Electrical processes in heavy rain in the tropics

Abstract

The thesis is based on research carried out in Sierra Leone over a period of several years. An asymmetric field mill and a 'wide-angle' shielded receiver have been developed for the measurement of electric field and precipitation current in tropical thunderstorms. A detailed field-mill theory is presented which analyses the effects of leakage currents, inadequate grounding, contact potentials, conduction current, 'pick-up' of fluctuating electric fields and noise in the amplifier. Principles are deduced for the optimum design of a precision field mill using either a phase sensitive detector or an asymmetric signal. Measurements of precipitation current and its response to step changes in the field show that turbulent diffusion of splash droplets probably constitutes an important, even dominant, electrical process in heavy rain.

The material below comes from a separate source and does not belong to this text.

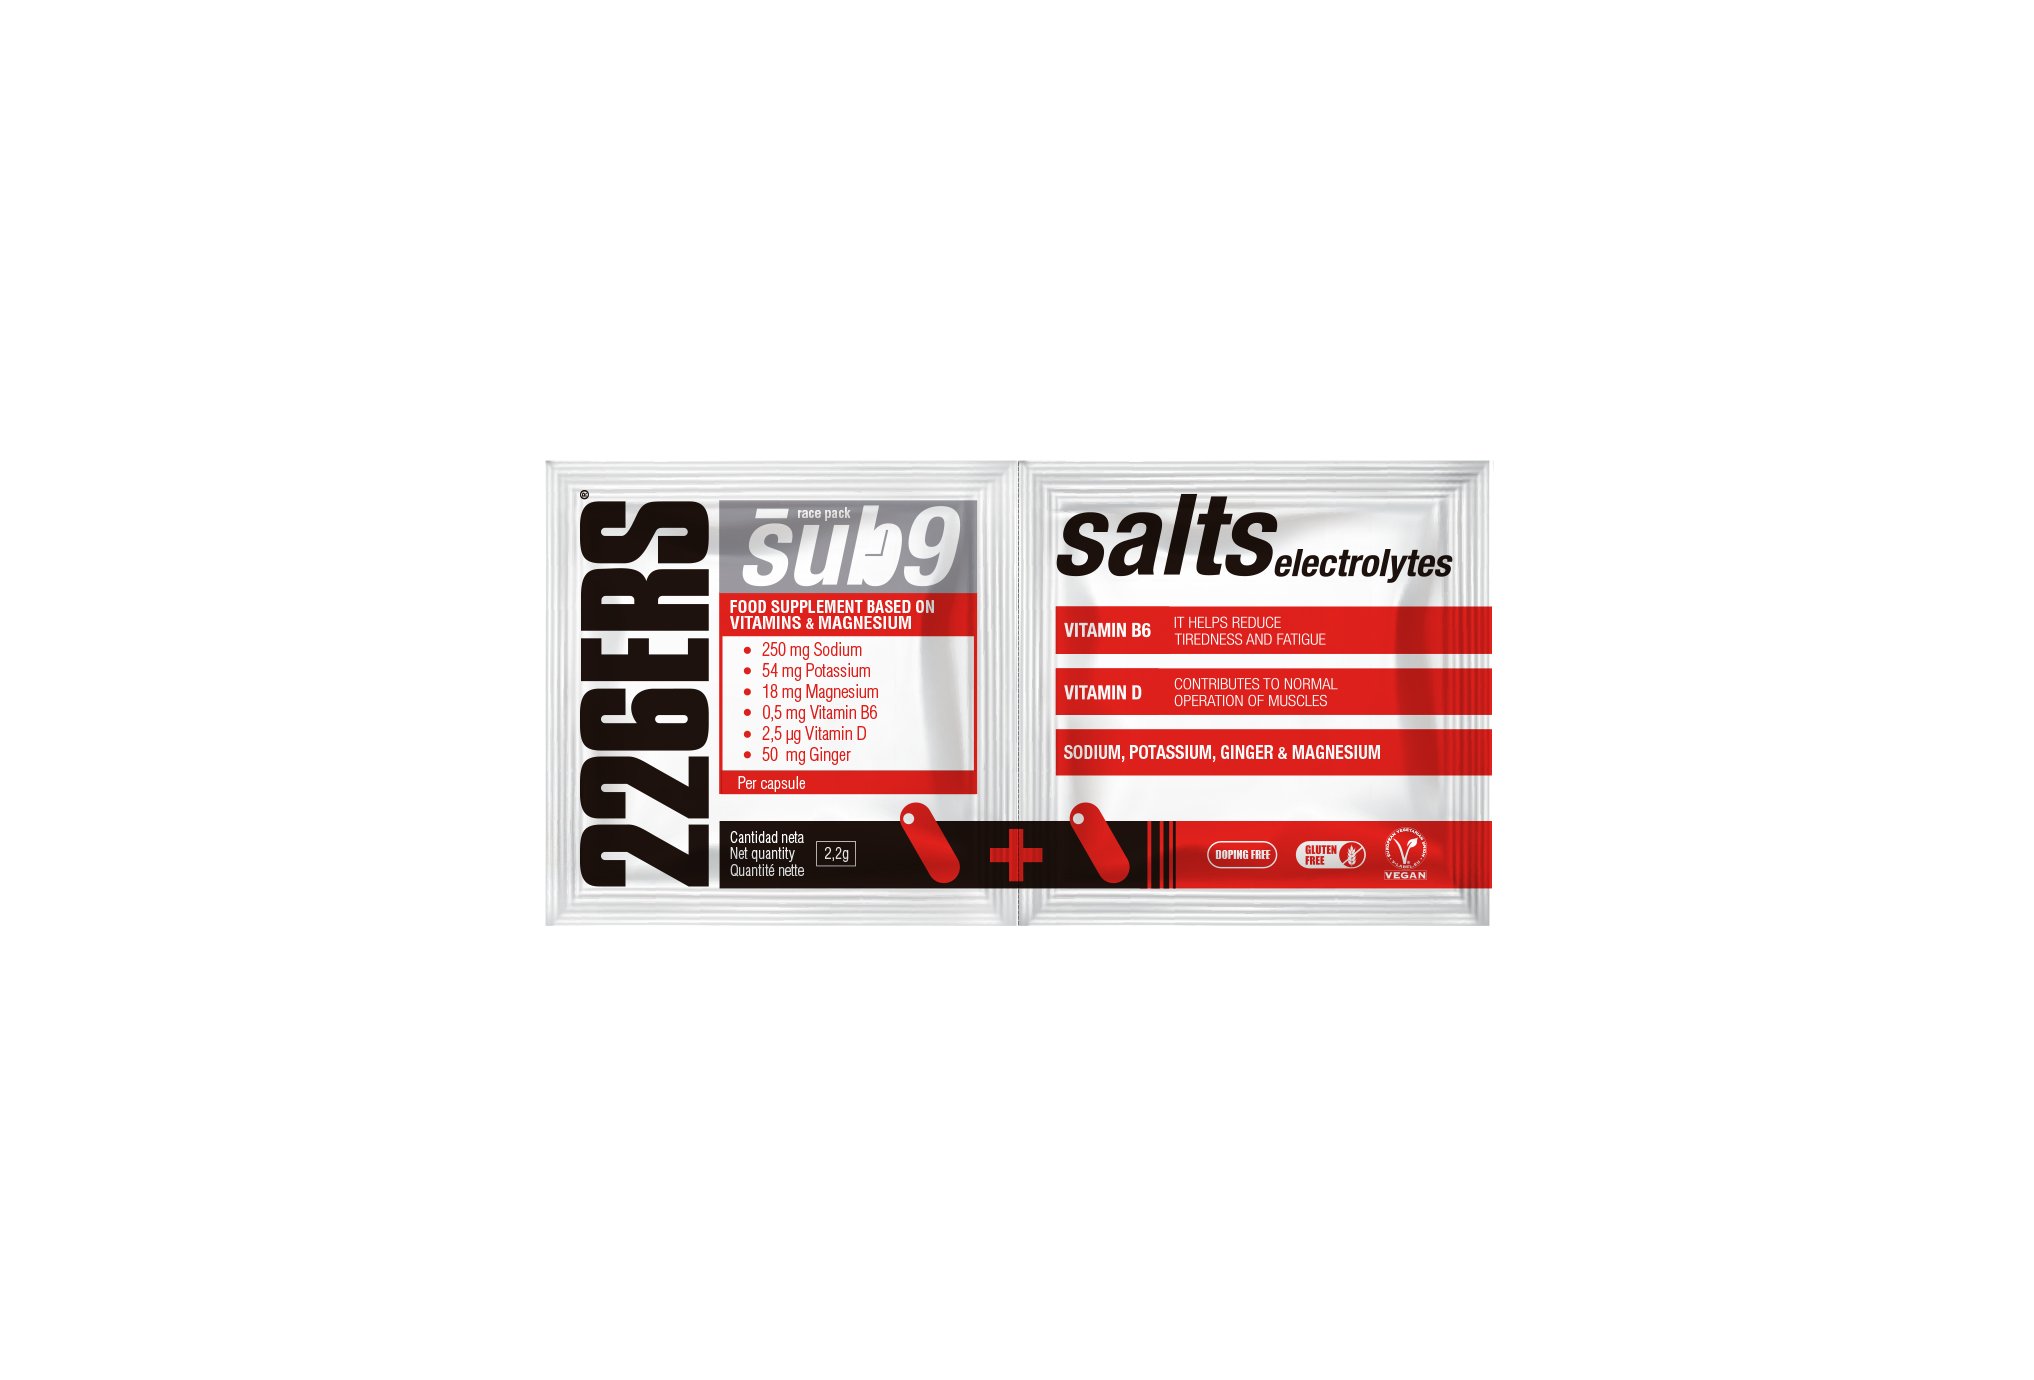 226ers Salts Électrolytes Sub9 - monodose Diététique Compléments
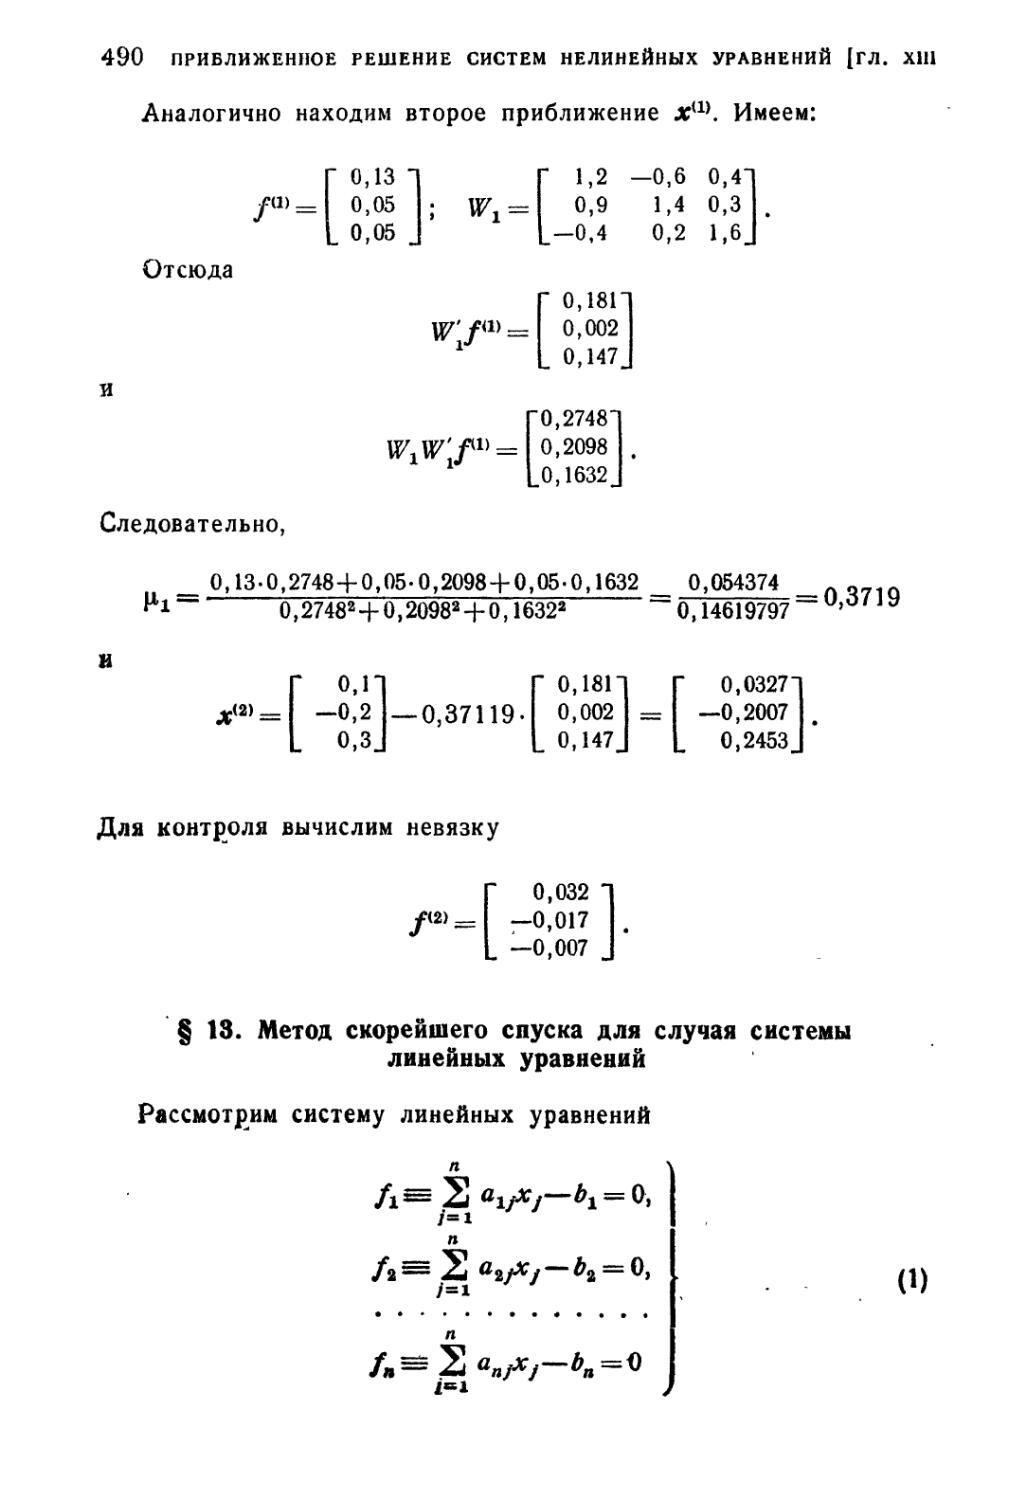 § 13. Метод скорейшего спуска для случая системы линейных уравнений

The response of precipitation current to a lightning flash, averaged over many flashes, is large and has a delay of a few seconds. From the analysis of various models considered as a mechanism to explain the results it is deduced that charge carried on splash droplets is being diffused upwards by turbulence, transported by wind and is itself precipitating into the rain receiver. An experiment was performed to measure the electric current due to evaporation. The results show that the current due to evaporation in the presence of an electric field is much smaller than that due to conduction in air. The observation of a 'warm' thunderstorm cloud is reported. A project was developed to make visual and electrical measurements simultaneously on the same cloud. A time lapse film of tropical clouds, together with some electric field measurements beneath them, are used to discuss the flow pattern associated with a tropical thunderstorm and the mechanism by which it becomes charged. Appendices include an analysis of the shielding effect of a vertical rod at ground potential, the description of some further instrumentation, including a data processing system designed by the author which uses a novel but effective method of detecting the occurrence of the peak of a signal, more detailed mathematical derivations of equations used in the main text and a filming schedule for the time-lapse photography.